== Prompt ==
Without including any pictures, write out the listing below exactly.

== Raw data ==

======

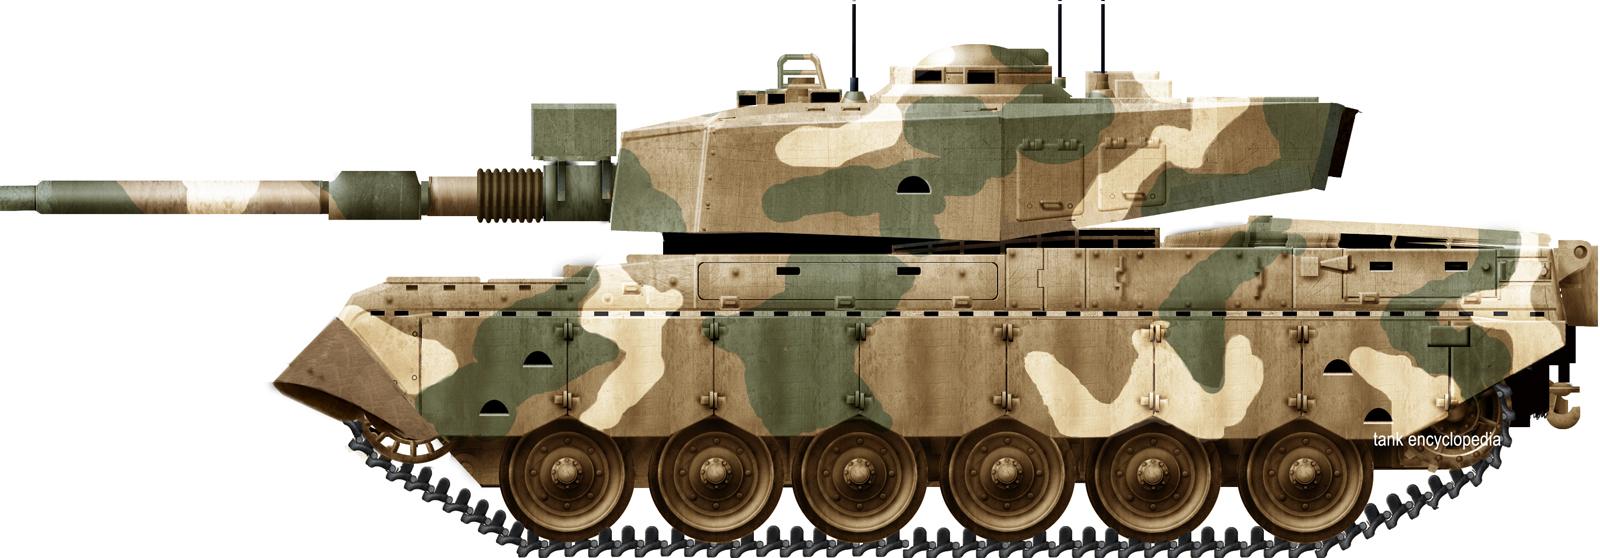 Olifant Mk1B Main Battle Tank
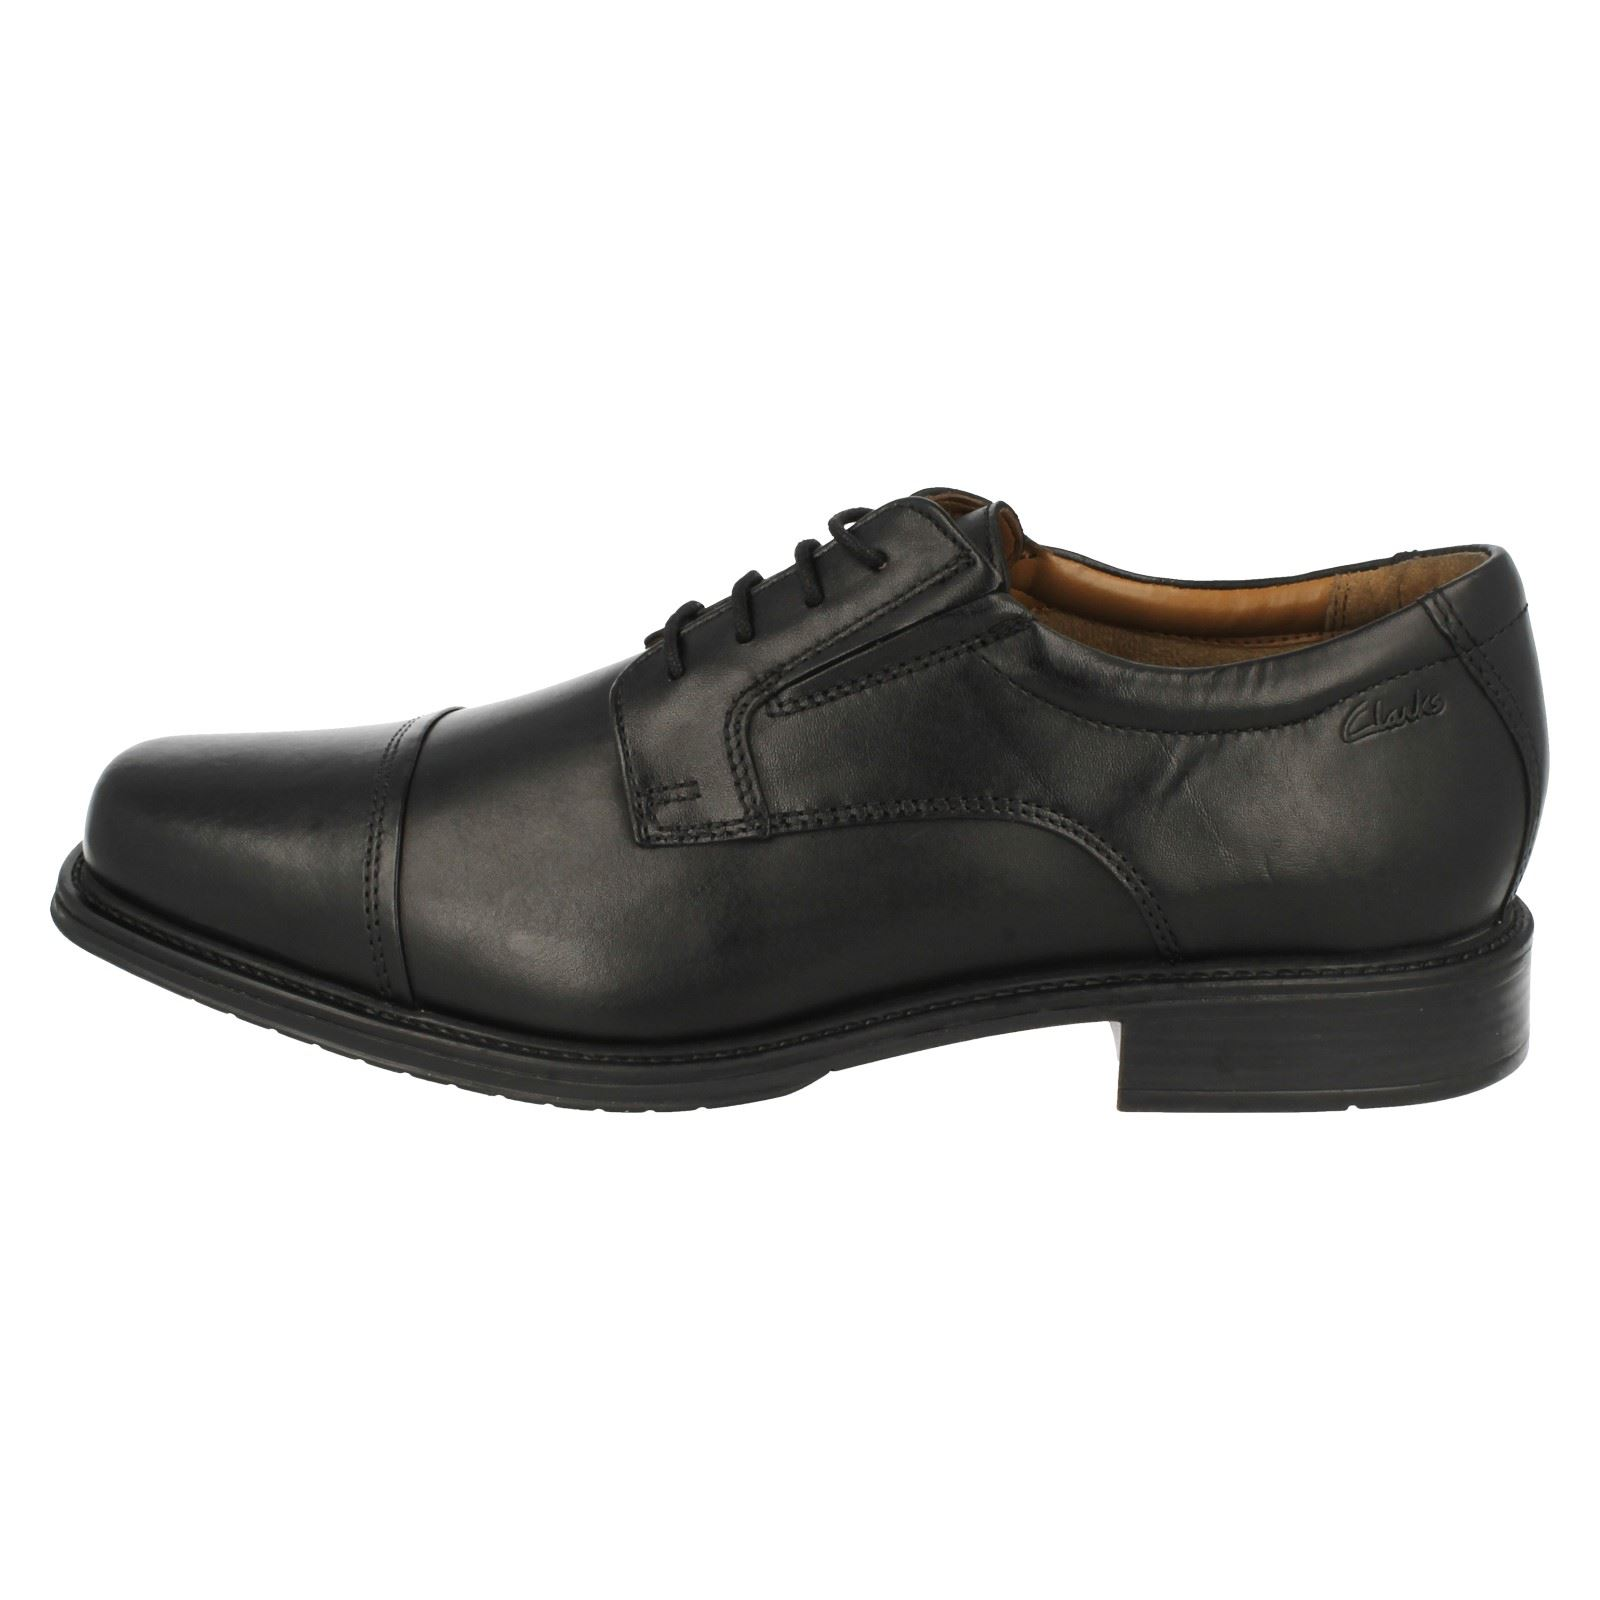 Gorra Con Cordones Zapatos Driggs Hombre Clarks xBv68
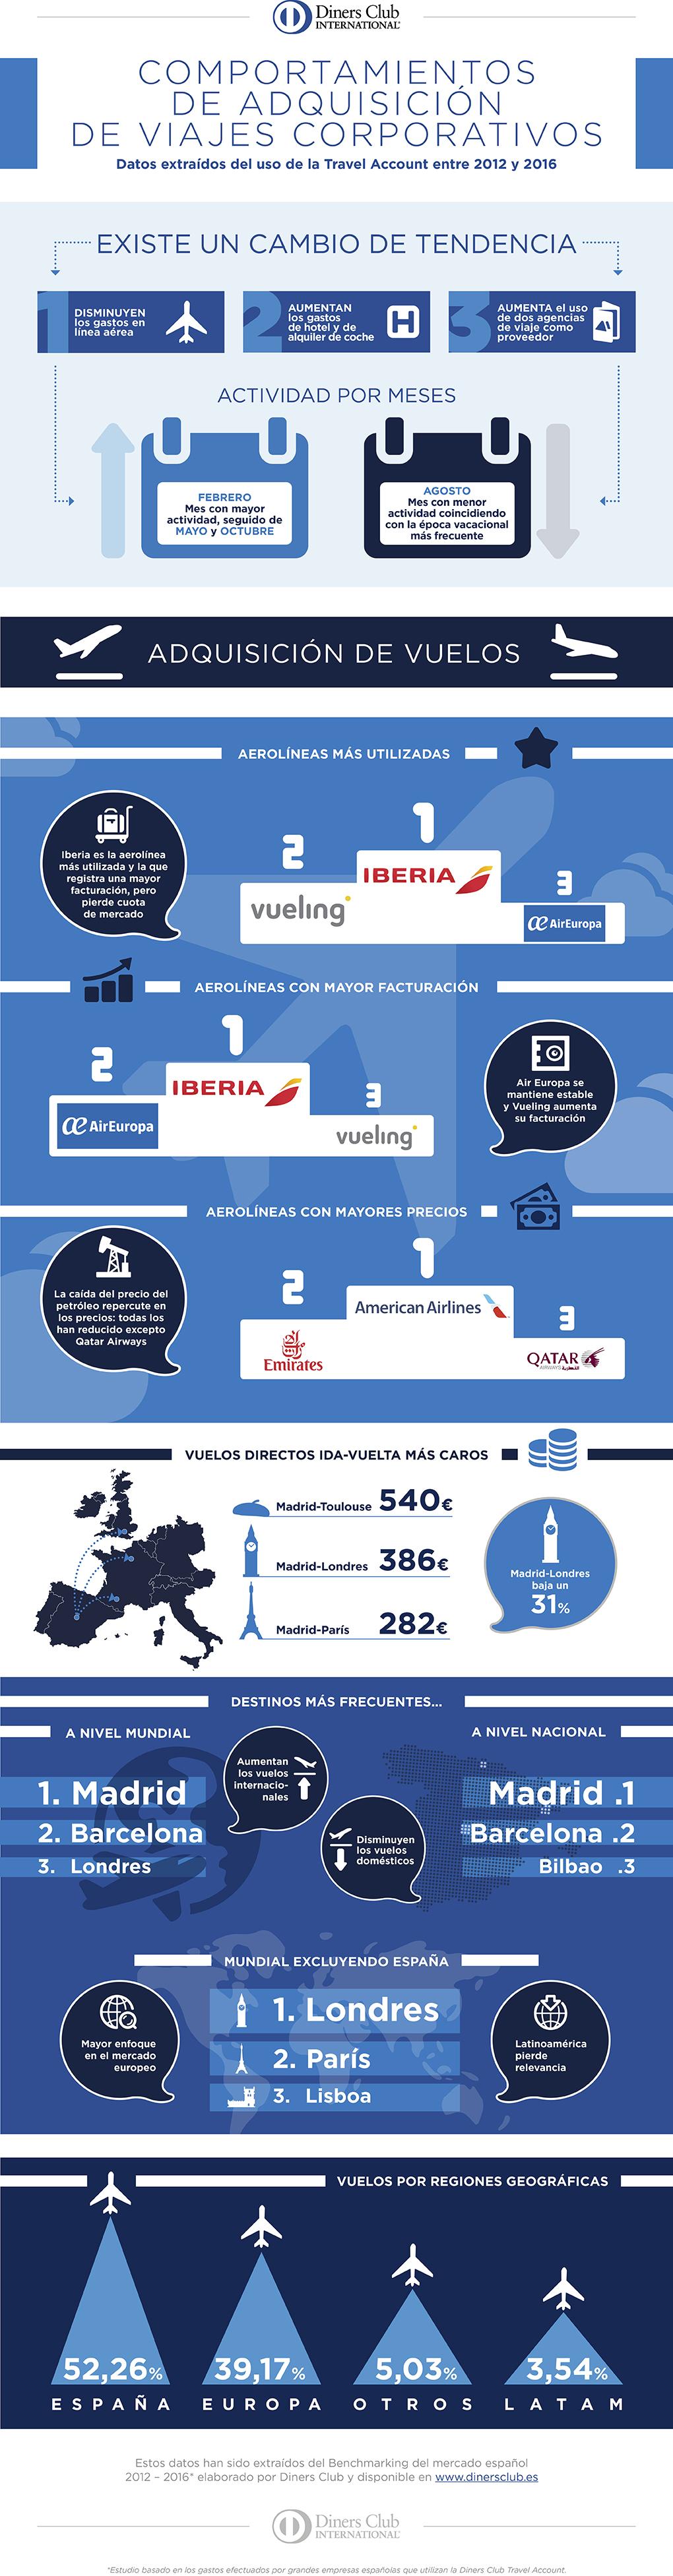 Infografia viajes corporativos
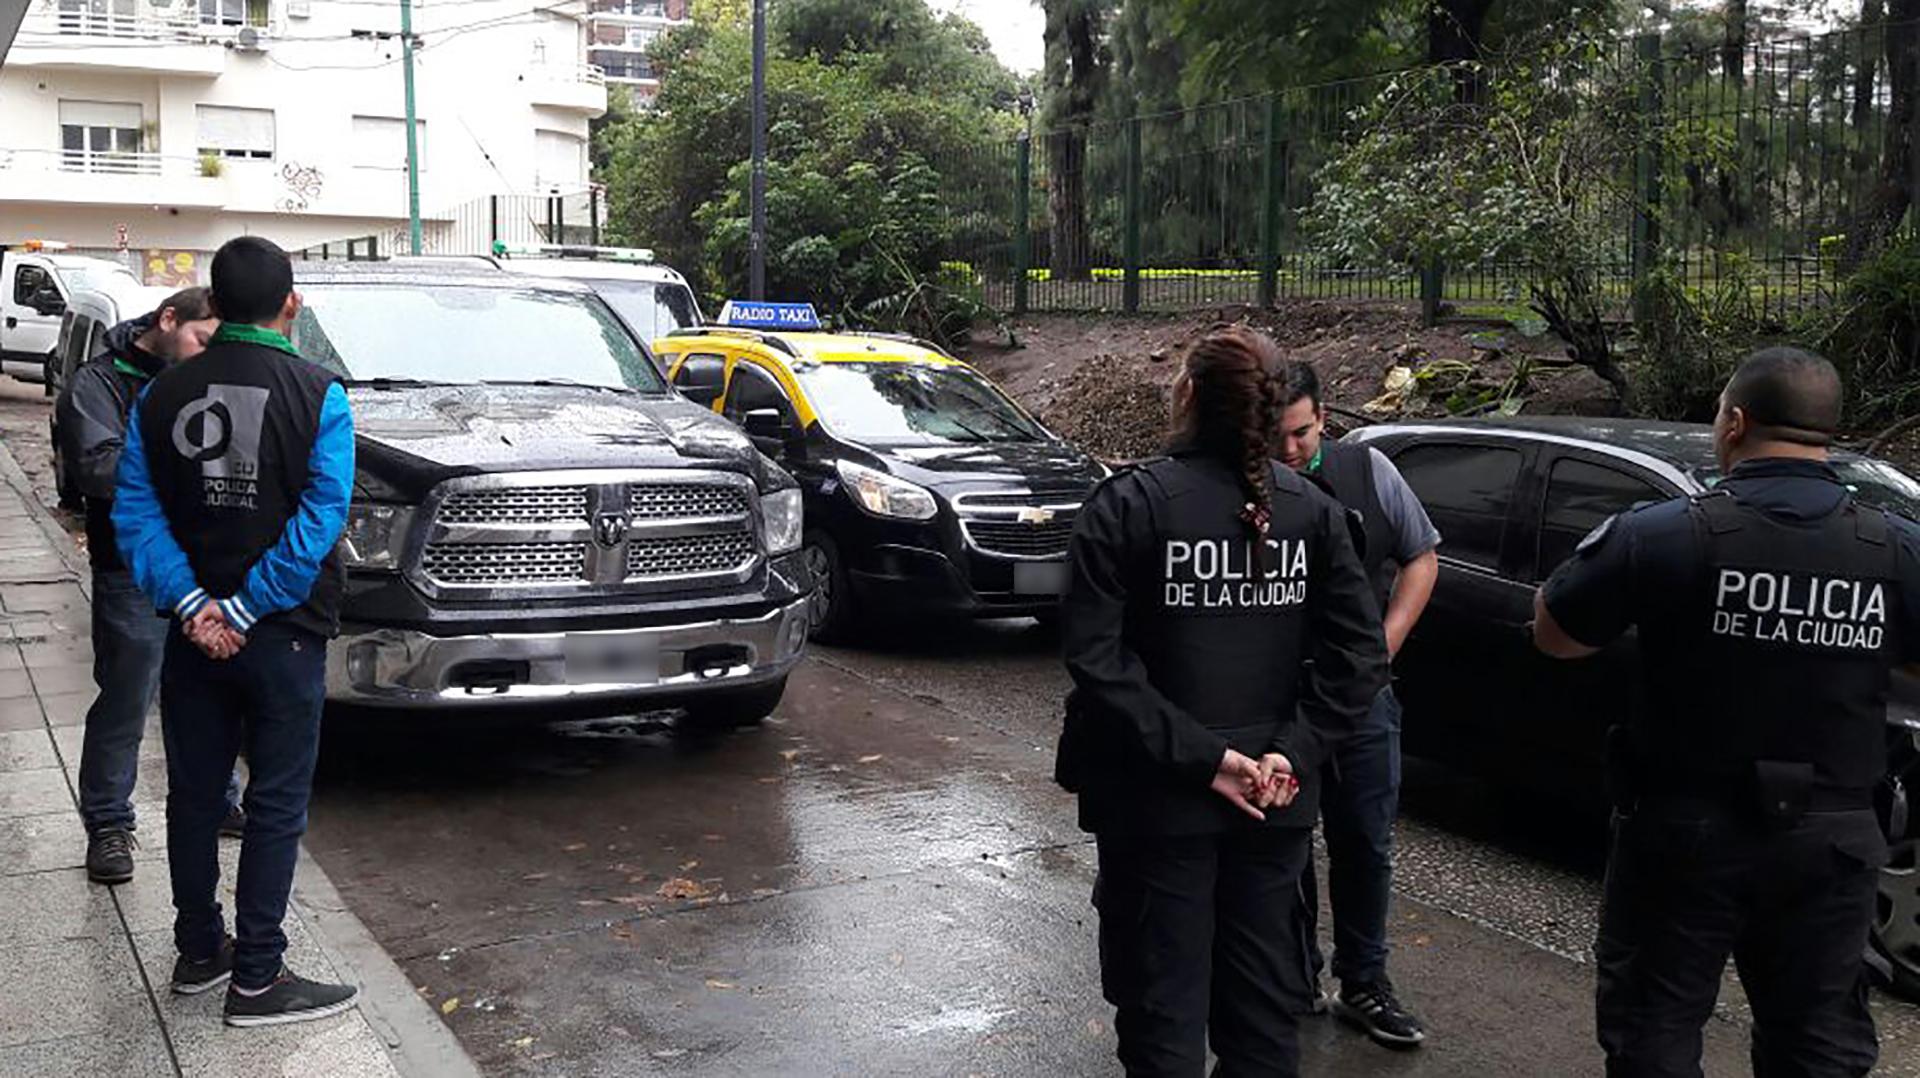 (Prensa policía de la ciudad)

======

== Your response ==
 Olifant Mk1B Main Battle Tank
 Gorra Con Cordones Zapatos Driggs Hombre Clarks xBv68
 Infografia viajes corporativos
 (Prensa policía de la ciudad)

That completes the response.